In [1]:
from google.colab import drive
drive.mount('/content/drive')

Drive already mounted at /content/drive; to attempt to forcibly remount, call drive.mount("/content/drive", force_remount=True).


In [2]:
import sys
sys.path.append('drive/My Drive/Colab Notebooks/KoGPT_Wellness/')

In [3]:
!pip install kogpt2-transformers==0.3.0
!pip install transformers==3.0.2
!pip install torch
!pip install tokenizers==0.8.1rc1

Looking in indexes: https://pypi.org/simple, https://us-python.pkg.dev/colab-wheels/public/simple/
Looking in indexes: https://pypi.org/simple, https://us-python.pkg.dev/colab-wheels/public/simple/
Looking in indexes: https://pypi.org/simple, https://us-python.pkg.dev/colab-wheels/public/simple/
Looking in indexes: https://pypi.org/simple, https://us-python.pkg.dev/colab-wheels/public/simple/


In [4]:
import os
import numpy as np
import torch
import torch.nn as nn
from kogpt2_transformers import get_kogpt2_tokenizer, get_kogpt2_model

In [5]:
# root_path='drive/My Drive/Colab Notebooks/dialogLM'
save_path = "/content/drive/MyDrive/Colab Notebooks/KoGPT_Wellness/kogpt-wellness-autoregressive.pth"

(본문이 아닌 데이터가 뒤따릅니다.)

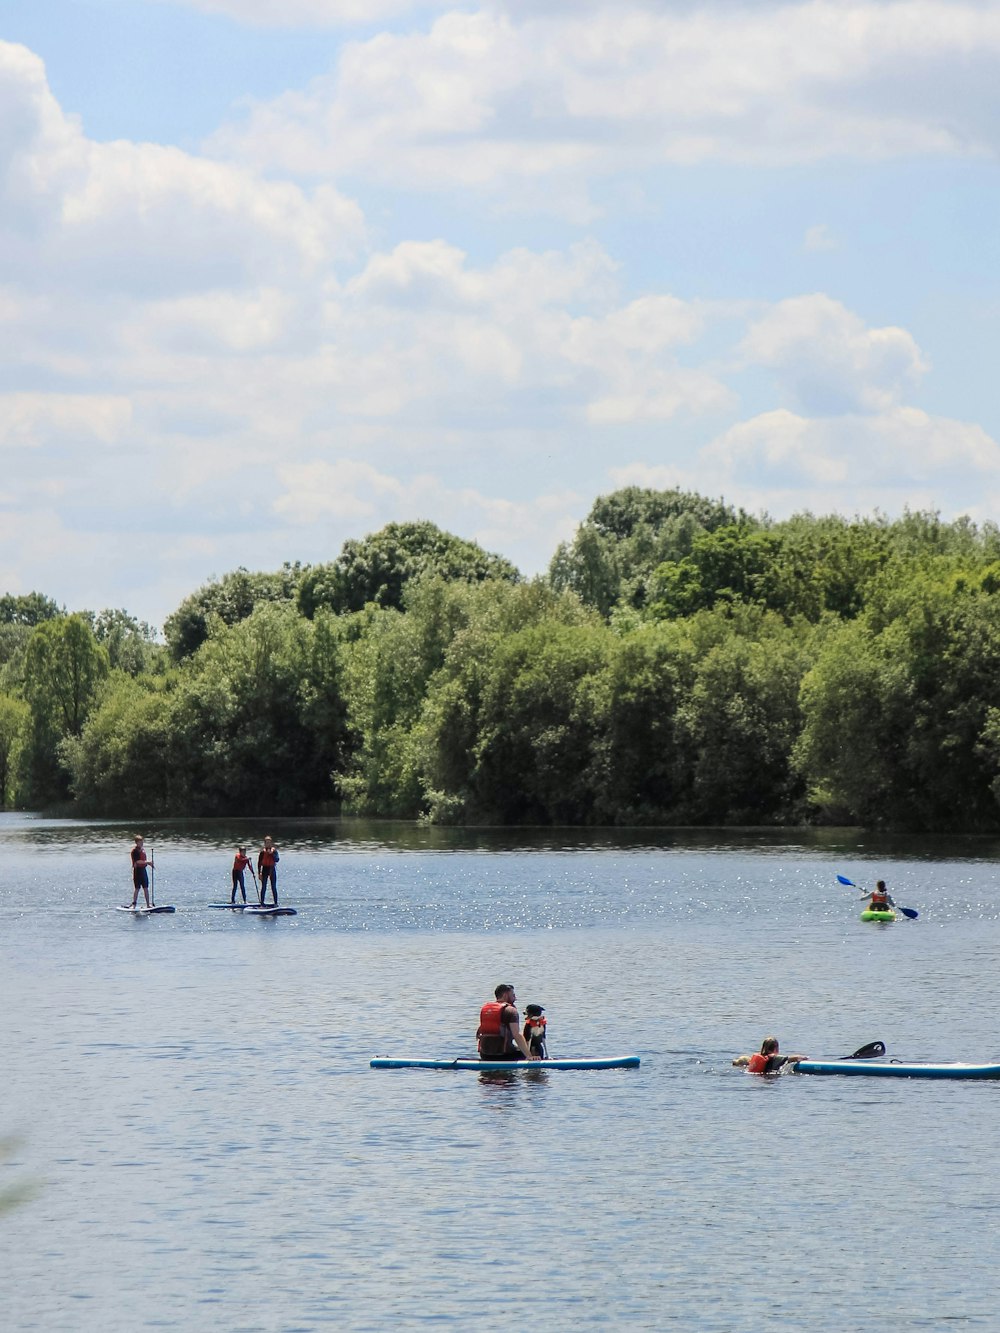 people riding on kayak near trees during daytime

ctx = "cuda" if torch.cuda.is_available() else "cpu"
device = torch.device(ctx)

# 저장한 Checkpoint 불러오기
checkpoint = torch.load(save_path, map_location=device)

# 1. Greedy Search

In [6]:
class KoGPT2Dialogue(nn.Module):
  def __init__(self):
    super(KoGPT2Dialogue, self).__init__()
    self.kogpt2 = get_kogpt2_model()

  def generate(self,
               input_ids,
               max_length= 50
               ):
      
    return self.kogpt2.generate(input_ids,
               max_length=max_length
              )

  def forward(self, input, labels = None):
    if labels is not None:
      outputs = self.kogpt2(input, labels=labels)
    else:
      outputs = self.kogpt2(input)

    return outputs

In [7]:
greedy = KoGPT2Dialogue()
greedy.load_state_dict(checkpoint['model_state_dict'])

greedy.eval()

tokenizer = get_kogpt2_tokenizer()

In [8]:
while 1:
  sent = input('Question: ')  
  tokenized_indexs = tokenizer.encode(sent)

  if '종료' in sent:
            break

  input_ids = torch.tensor([tokenizer.bos_token_id,]  + tokenized_indexs +[tokenizer.eos_token_id]).unsqueeze(0)
  sample_output = greedy.generate(input_ids=input_ids)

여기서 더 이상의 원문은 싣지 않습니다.